Fibrillin was first cloned from human placental cDNA libraries using a mixed pool of oligonucleotides representing all coding possibilities for a fibrillin peptide sequence (CEDIDEC) (Maslen et al., 1991). Fibrillin peptide sequences were determined by amino acid sequencing of pepsin-resistant peptides extracted from human tissues and identified using fibrillin monoclonal antibodies (Maddox et al., 1989). The complete deduced amino acid sequence revealed a modular domain structure consisting primarily of Epidermal Growth Factor (EGF)-like domains (with 6 cysteines per domain) and novel domains containing 8-cysteines (Maslen et al., 1991, Corson et al., 1993). Each fibrillin molecule is composed of 47 EGF-like domains, 43 of which are predicted to bind calcium (cbEGF), 7 8-cysteine containing domains (8-cys), 2 “hybrid” domains that share features of both the 8-cysteine domain and the EGF-like domain, a proline-rich domain, and amino- and carboxyl-terminal domains (Fig. 4).
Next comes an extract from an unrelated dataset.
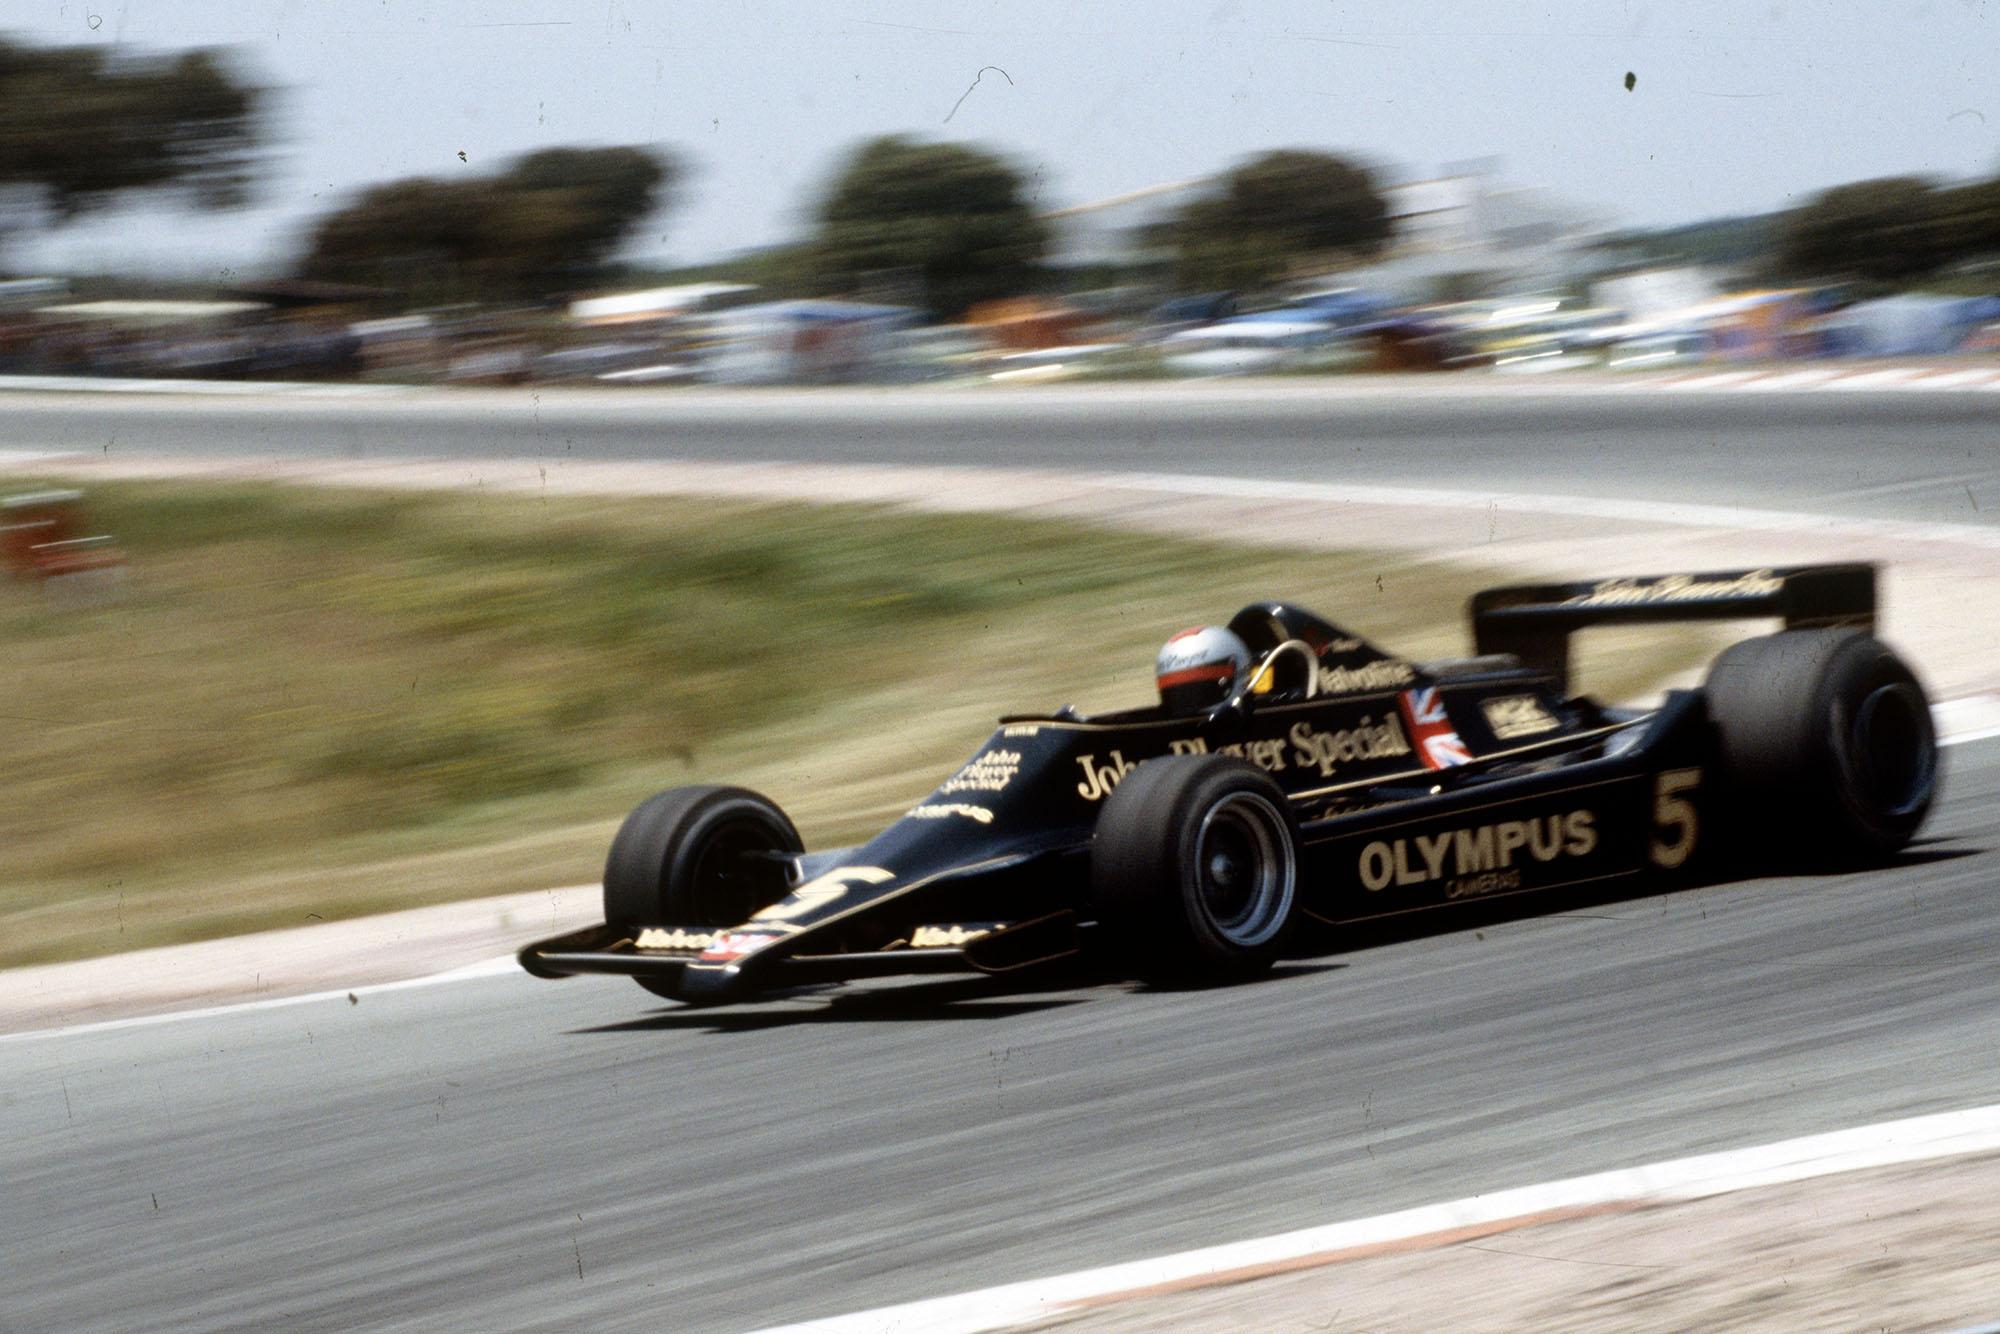 Mario Andretti (Lotus) competing at the 1978 Spanish Grand Prix, Jarama.

Cloning methods led to the discovery of a second fibrillin (Lee et al., 1991). It turned out that the monoclonal antibodies that were used to first characterize and clone fibrillin had identified fibrillin-1 (Maslen et al., 1991, Maddox et al., 1989). Expression of the gene for fibrillin-2 was largely limited to fetal development (Zhang et al., 1994). Both fibrillin-1 and fibrillin-2 molecules were present within individual fetal microfibrils, indicating that fibrillin microfibrils are heteropolymers (Charbonneau et al., 2003). Fibrillin-2 molecules were found in postnatal tissues but epitopes were masked by fibrillin-1 (Charbonneau et al., 2010a), suggesting that mature microfibril structure involves the accretion of fibrillin-1 molecules around a core of fibrillin-2 molecules that were assembled during fetal development. Mutations in FBN2 were discovered to cause congenital contractural arachnodactyly (now called Distal Arthrogryposis, Type 9). These mutations clustered between exons 23 and 34 (Gupta et al., 2002).

A third fibrillin, fibrillin-3, was also found by cloning methods (Nagase et al., 2001, Corson et al., 2004). Expression of FBN3 was also limited to fetal development, and fibrillin-3 was immunolocalized to fetal microfibrils (Corson et al., 2004). All three fibrillins share the same overall organization of modular domains (Fig. 4). However, in place of the proline-rich domain in fibrillin-1, there is a glycine-rich domain in fibrillin-2 and a proline- and glycine-rich domain in fibrillin-3. Specific functions for these distinctive domains are not known. The second calcium-binding EGF-like domain is missing in fibrillin-3. In mouse, the gene for fibrillin-3 was inactivated during evolution.

Fig. 4 depicts the molecular structures of the three fibrillins and the LTBPs, molecules structurally and functionally related to fibrillins. There are 4 LTBPs, and all four are composed of domain modules found in fibrillins. The 8-cysteine module is present only in the LTBPs and in the fibrillins. Interestingly, the 8-cysteine module in LTBPs is used to form covalent bonds with the small latent complex of TGFβ (Saharinen et al., 1996, Gleizes et al., 1996). Unlike the fibrillins, which are restricted to a very similar size, the LTBPs vary in size and are smaller than fibrillin. LTBPs have been immunolocalized to microfibrils (Dallas et al., 1995, Isogai et al., 2003), and LTBP-1, -2 and -4 bind directly to fibrillin (Isogai et al., 2003, Ono et al., 2009, Hirani et al., 2007). Periodic localization of LTBPs along the lengths of microfibrils has not been reported. Furthermore, because the LTBPs are smaller than fibrillins and variable in size, it seems unlikely that these molecules contribute in the same way as fibrillins to the backbone beaded string structure of microfibrils.